Purpose
The purpose of this paper is to investigate the mechanisms of low alloyed medium-carbon steel (LAMCS) corrosion in 0.5 M H2SO4 inhibited by seeds oils of rubber (SOR), Neem (SON) and Jatropha (SOJ) containing varying degree of free fatty acid (FFA).
Design/methodology/approach
Specific gravity, acid values and FFA compositions of oils were determined.
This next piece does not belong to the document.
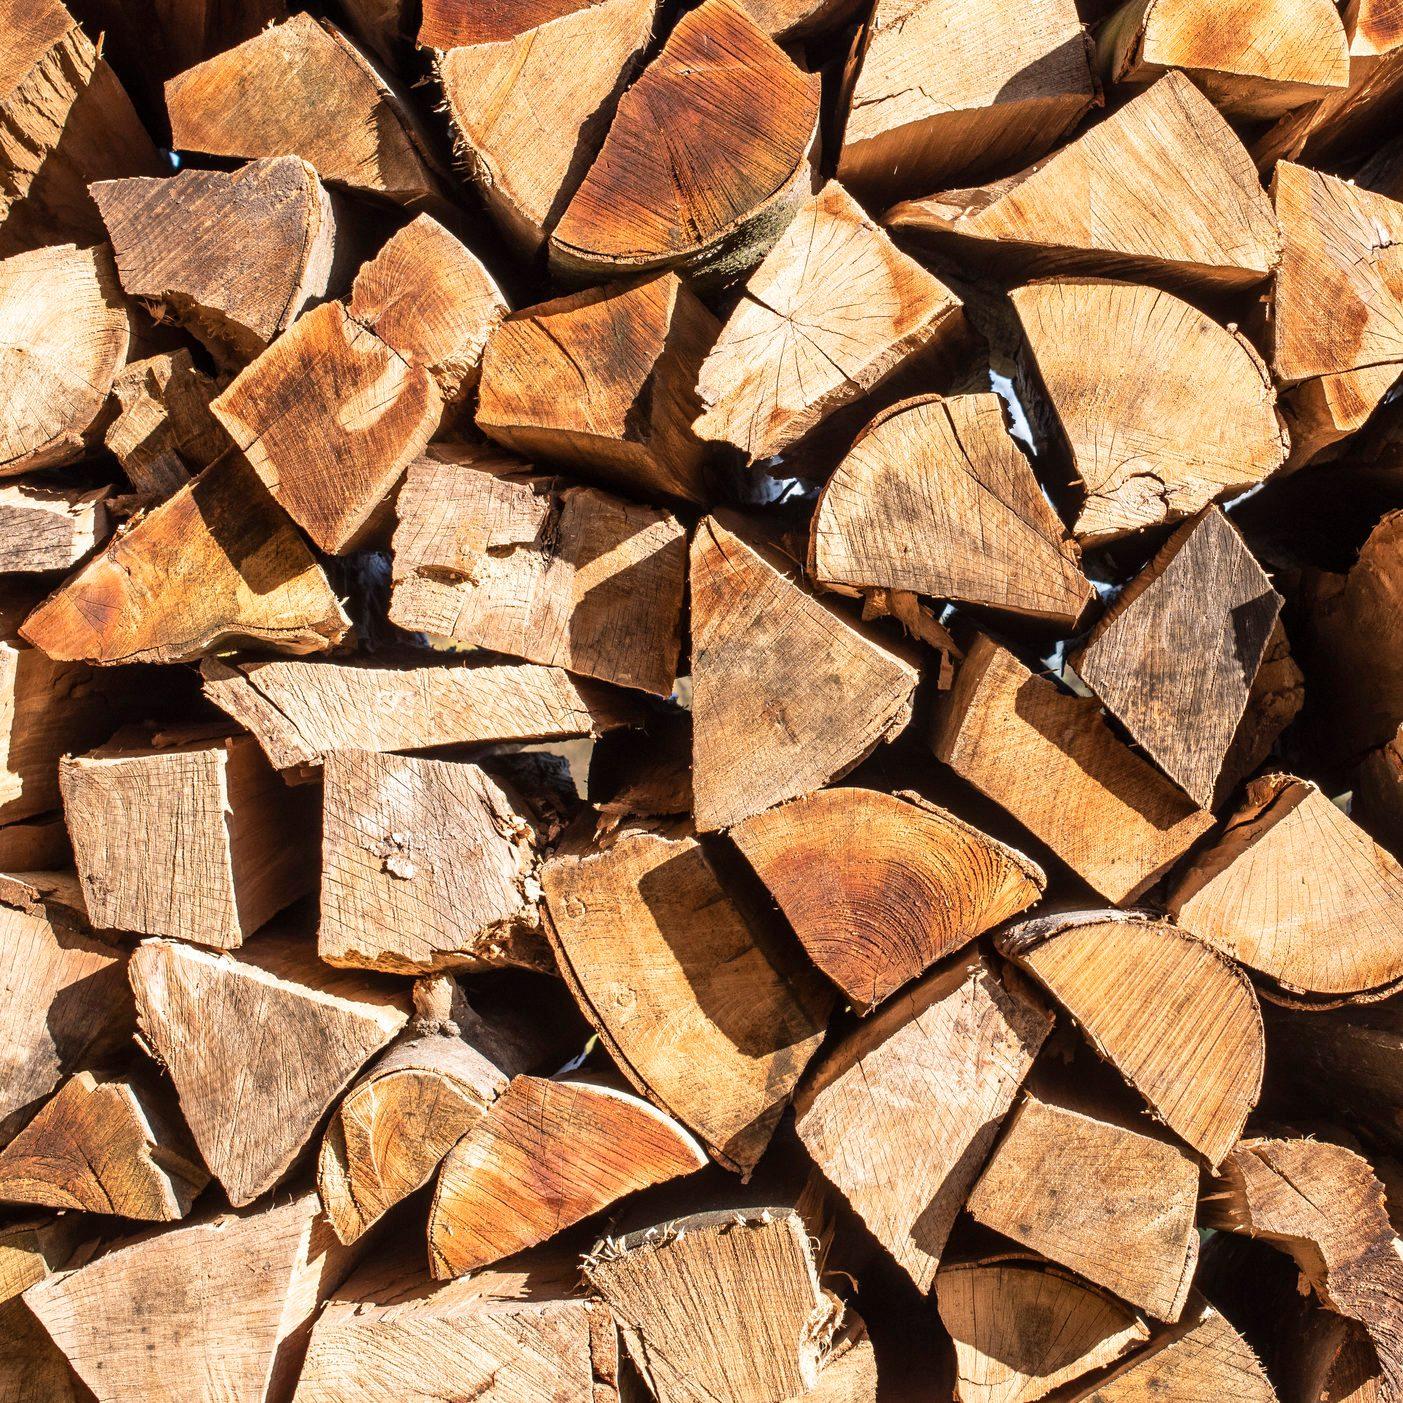 Gestapeltes Brennholz für den Winter
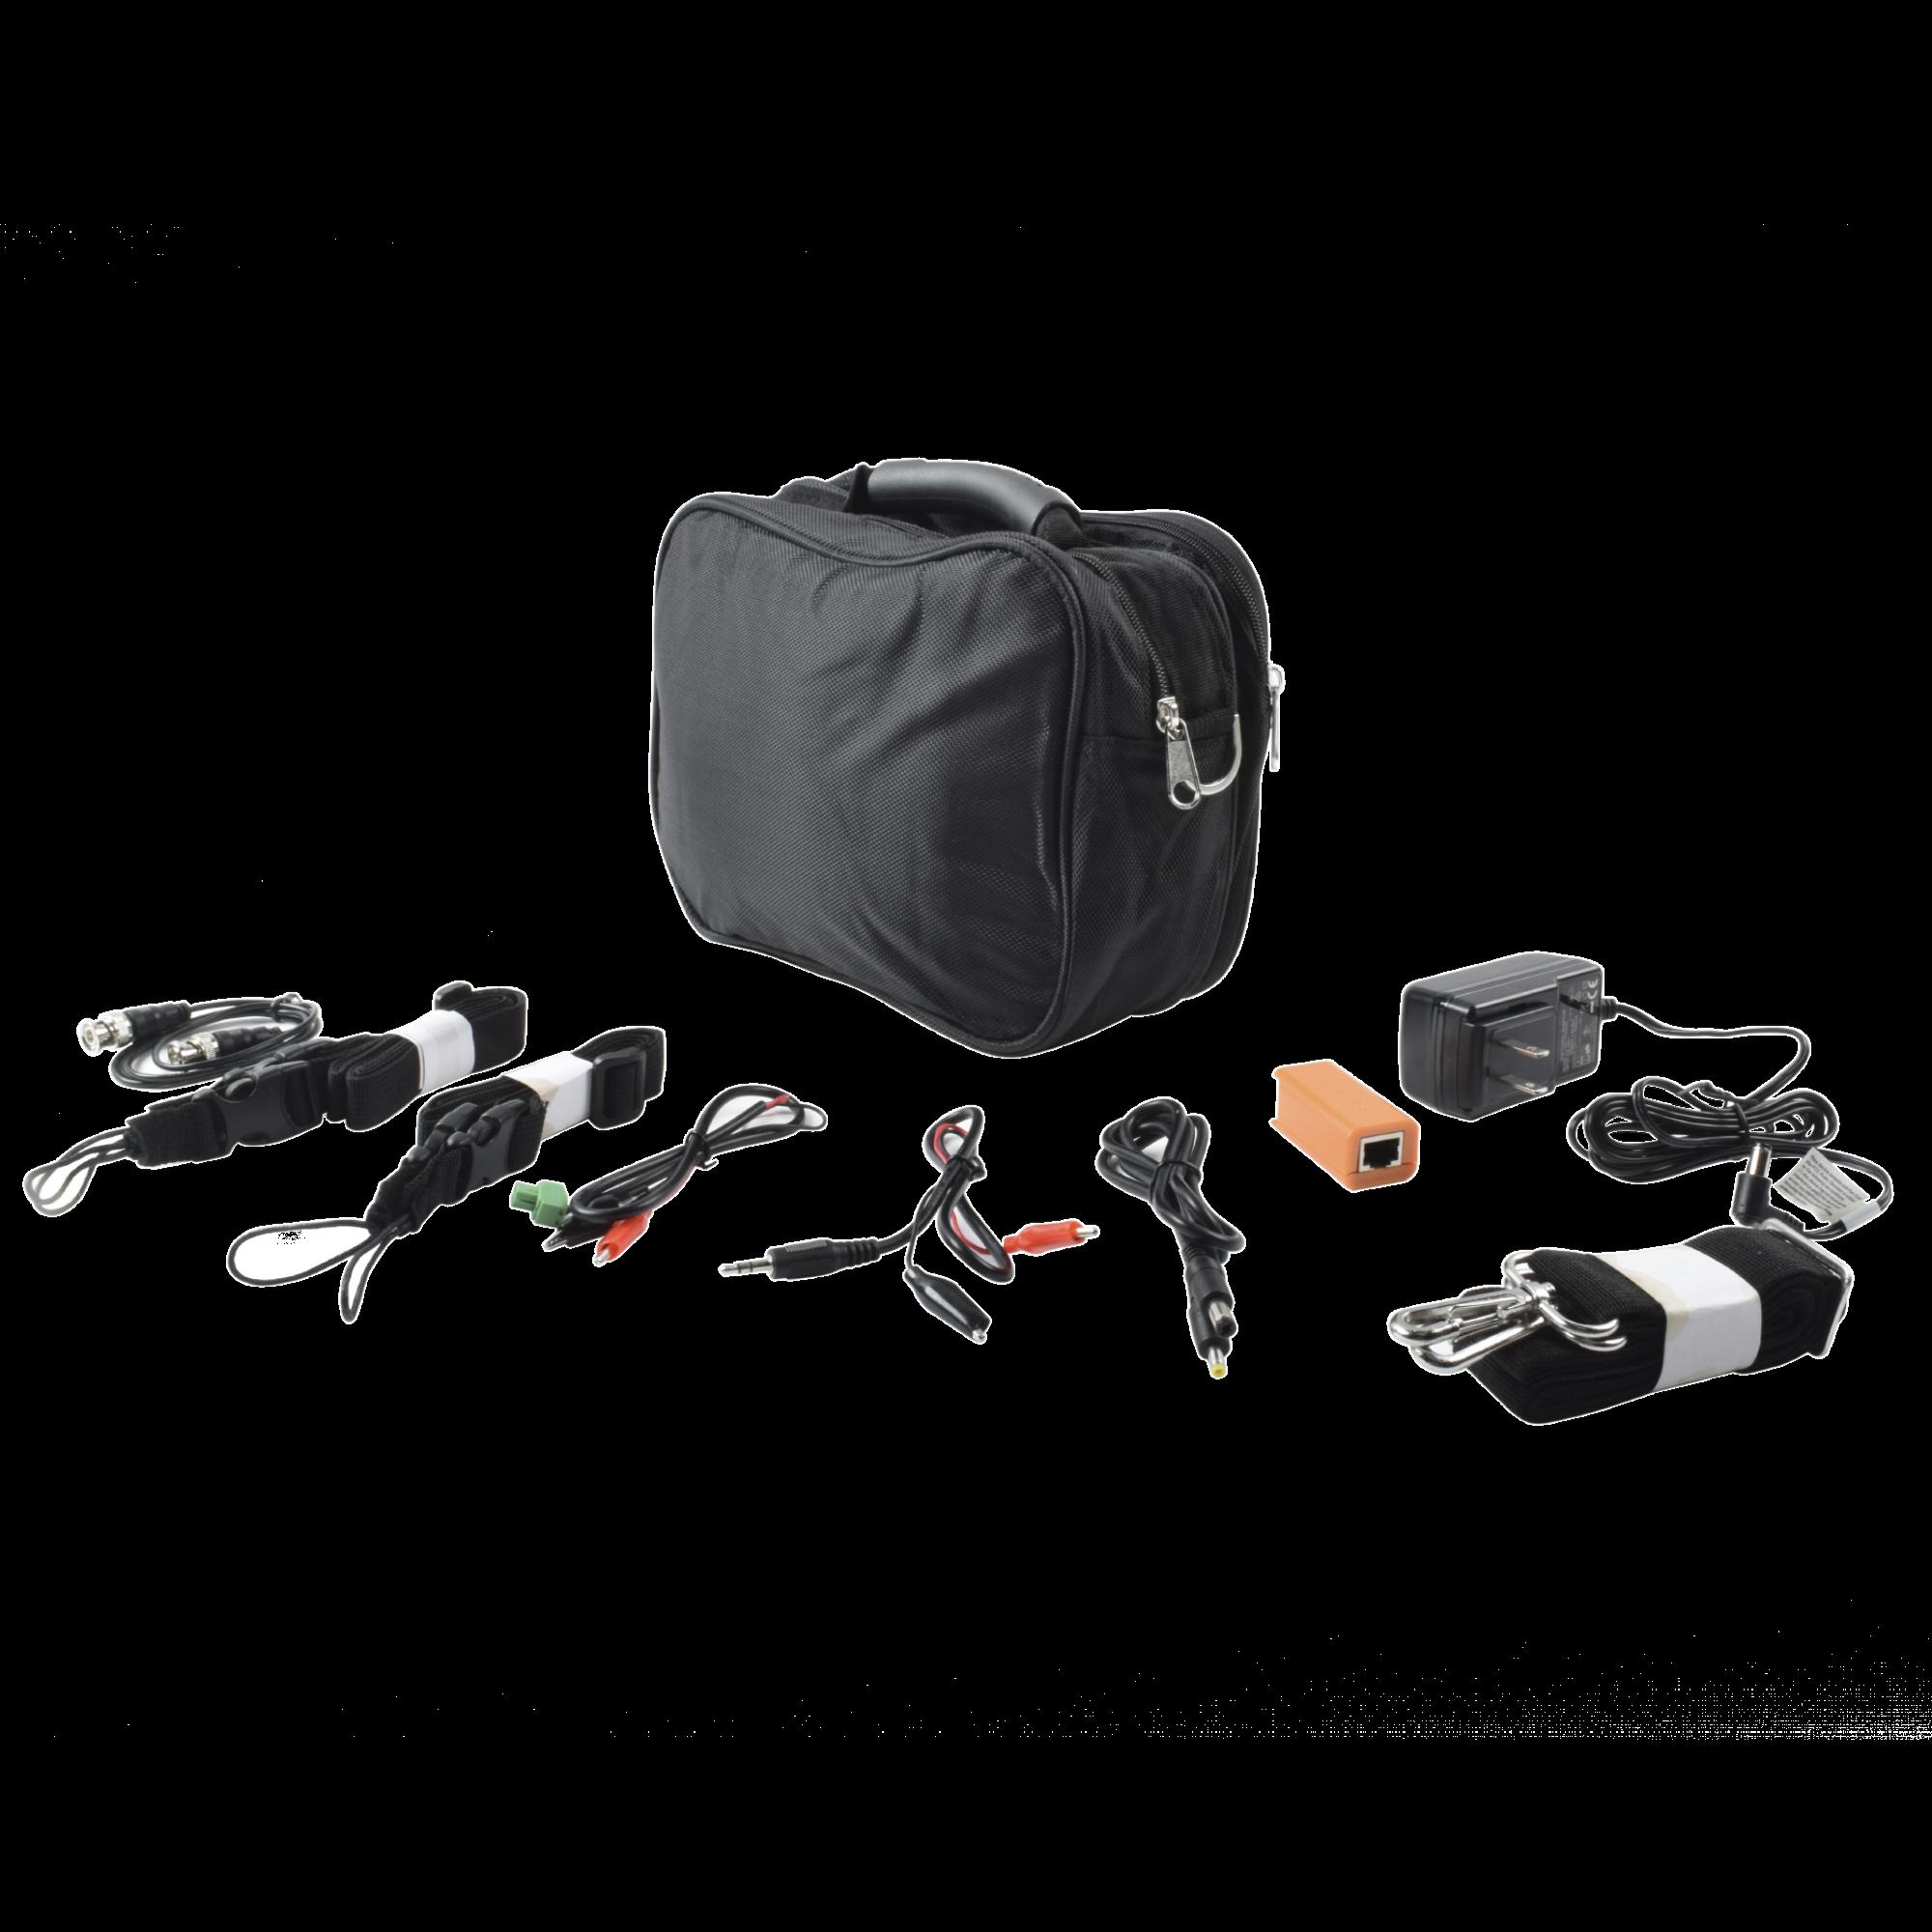 Kit de accesorios para probadores de video TPTURBO5MP,TPTURBO8MP, TPTURBOHD

Potentiodynamic polarization (PDP), electrochemical impedance spectroscopy (EIS), scanning electron microscopy (SEM) and X-ray diffraction (XRD) are techniques used to investigate the corrosion inhibition mechanisms with evaluated Gibbs free energy of adsorption.
Findings
Corrosion inhibition efficiencies of oils reached values >99% as obtained from PDP and EIS. Protective oxide layer was formed on LAMCS consequent on containment of carbonyl and hydroxyl groups in the FFA of SOR, SON and SOJ, respectively. The SOR and SOJ are found to be mixed inhibitors, whereas SON behaved as anodic inhibitor. Mechanism of adsorption of SOR was synergistic between physisorption and chemisorption, while SON and SOJ exhibited physisorption. SEM micrographs images showed that uninhibited sample exhibited thicker mass of corrosion products. Formation of protective oxide layer was confirmed by XRD diffractograms.
Practical implications
This study has shown that the need for modification of vegetable seed oils containing FFA is unnecessary as the hydroxyl and carbonyl groups of the FFA contained in the respective oil were found to be the center of adsorption of the oils on the steel surface. Hence, cost and by-products associated with modification of oils used as corrosion inhibitors are eliminated.
Originality/value
SOR, which has the highest percentage FFA, was found to be the most influential on the corrosion inhibition mechanism of LAMCS, specifically within 0.01–0.02 g/mL concentration. FFA contained in the respective seed oil aided formation of protective oxide layer at interface between H2SO4 and LAMCS, relative to amount composed.